Who this course is for


Data scientists and ML practitioners who want to master Bayesian Linear Regression from theory to code.
Students and professionals curious about Bayesian methods and their real-world applications.
ML enthusiasts who love understanding models mathematically and implementing them from scratch.
Anyone with basic Python and probability skills looking to apply Bayesian regression in data science.
Anyone who wants to go beyond Scikit-Learn and truly understand Bayesian Machine Learning.
Homepage:
https://www.udemy.com/course/data-science-bayesian-linear-regression-in-python/



a98463b82f333ea...



Rapidgator
lrxyy.Data.Science.Bayesian.Linear.Regression.in.Python.part1.rar.html
lrxyy.Data.Science.Bayesian.Linear.Regression.in.Python.part2.rar.html
Fikper




Data Science – Bayesian Linear Regression in Python Torrent Download , Data Science – Bayesian Linear Regression in Python Watch Free Online , Data Science – Bayesian Linear Regression in Python Download Online

⚠️ Dead Link ?
You may submit a re-upload request using the search feature. All requests are reviewed in accordance with our Content Policy.

Request Re-upload

In today's era of digital learning, access to high-quality educational resources has become more accessible than ever, with a plethora of platforms offering free download video courses in various disciplines. One of the most sought-after categories among learners is the skillshar free video editing course, which provides aspiring creators with the tools and techniques needed to master the art of video production. These courses cover everything from basic editing principles to advanced techniques, empowering individuals to unleash their creativity and produce professional-quality content.

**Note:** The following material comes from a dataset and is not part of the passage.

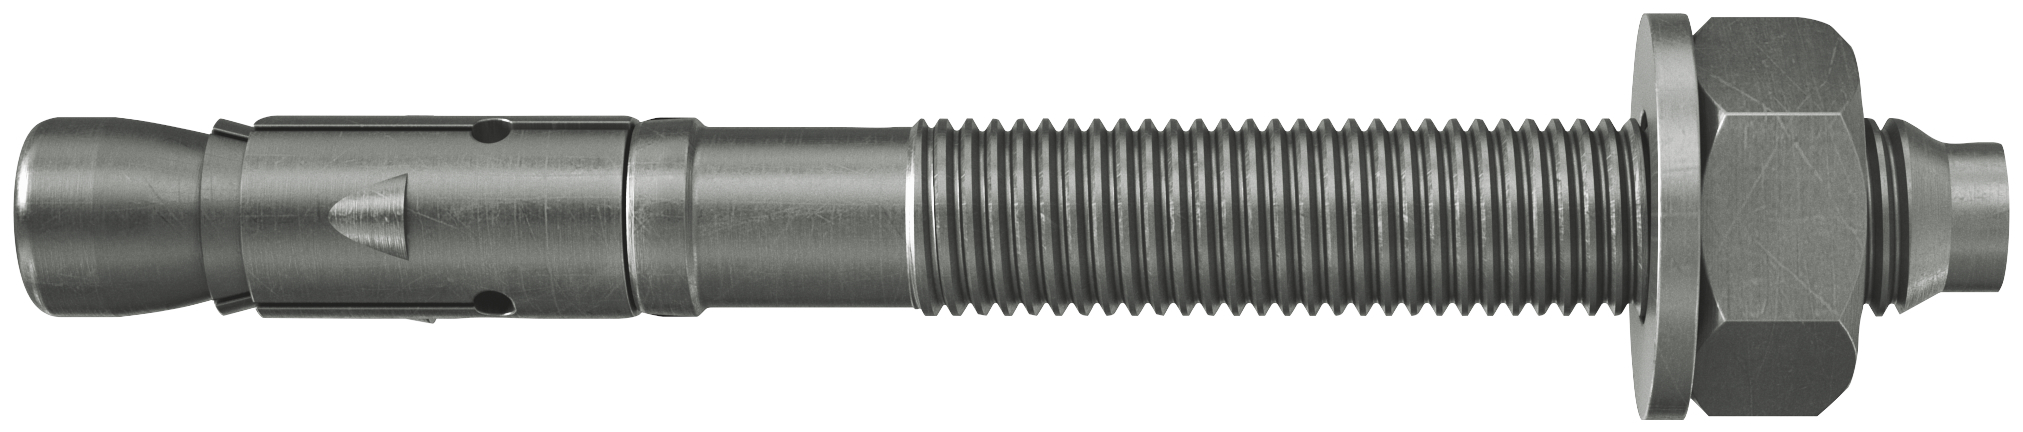 fischer Tassello acciaio FAZ II 16/100 A4 (10 Pz.) L'ancorante ad espansione ad alte prestazioni per carichi statici su calcestruzzo fessurato e per applicazioni sismiche. Versione in acciaio inossidabile con classe di resistenza alla corrosione CRC III..
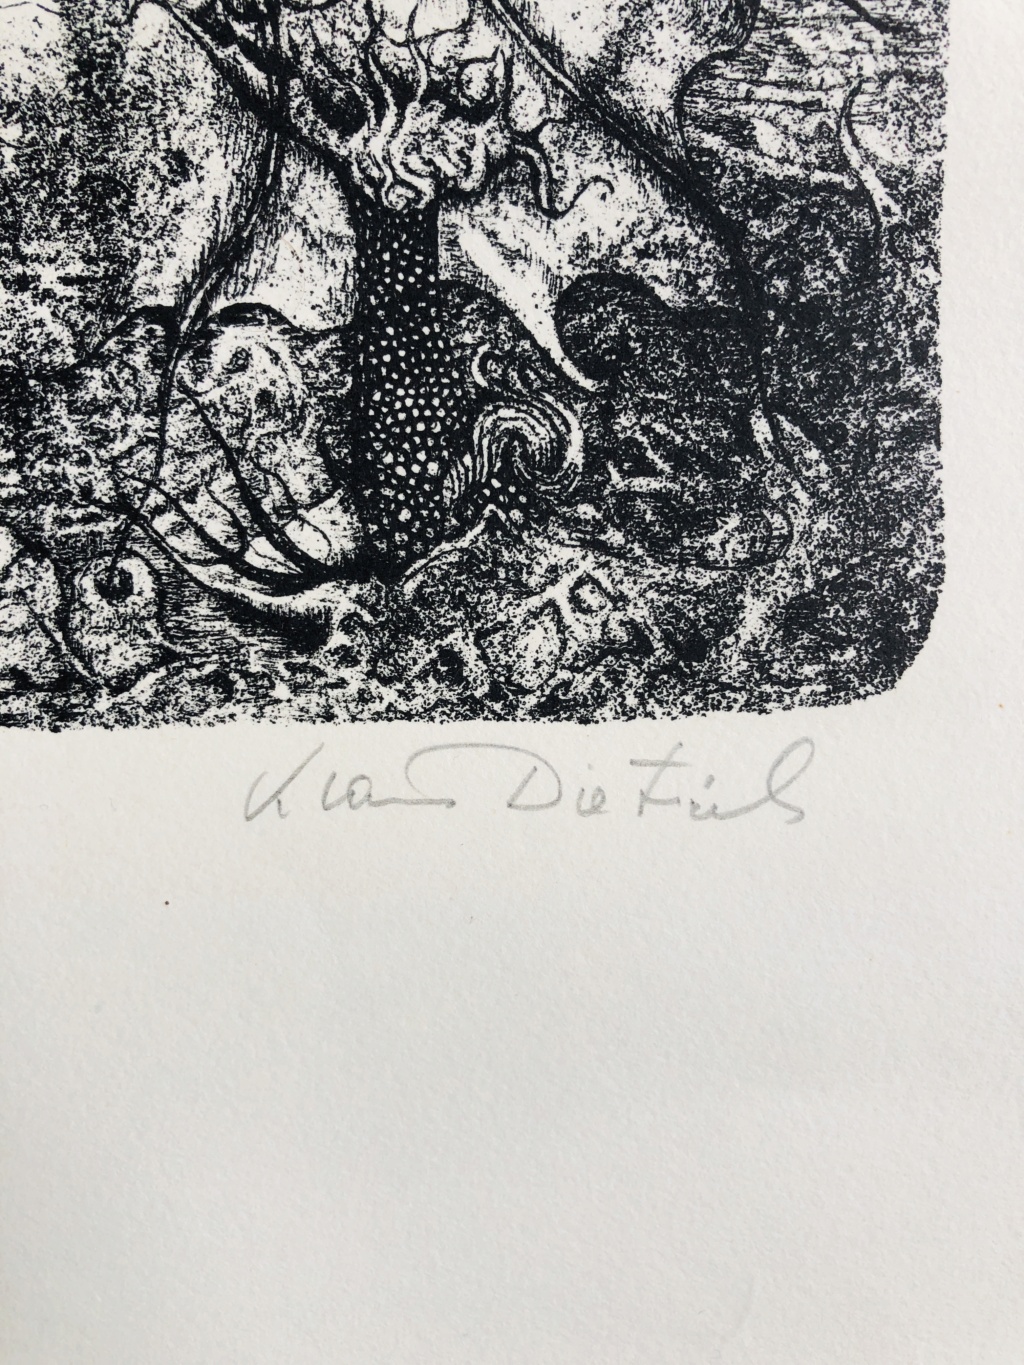 Lithographie créatures surréalistes  signée Klaus dietrich 4aa22310

📌🔥Contract Support Link FileHost🔥📌
✅💰Contract Email: [email protected]

Help Us Grow – Share, Support

We need your support to keep providing high-quality content and services. Here’s how you can help:

  1. Share Our Website on Social Media! 📱
    Spread the word by sharing our website on your social media profiles. The more people who know about us, the better we can serve you with even more premium content!
  2. Get a Premium Filehost Account from Website! 🚀
    Tired of slow download speeds and waiting times? Upgrade to a Premium Filehost Account for faster downloads and priority access. Your purchase helps us maintain the site and continue providing excellent service.

Thank you for your continued support! Together, we can grow and improve the site for everyone. 🌐

Comments (0)

Information
Users of Guests are not allowed to comment this publication.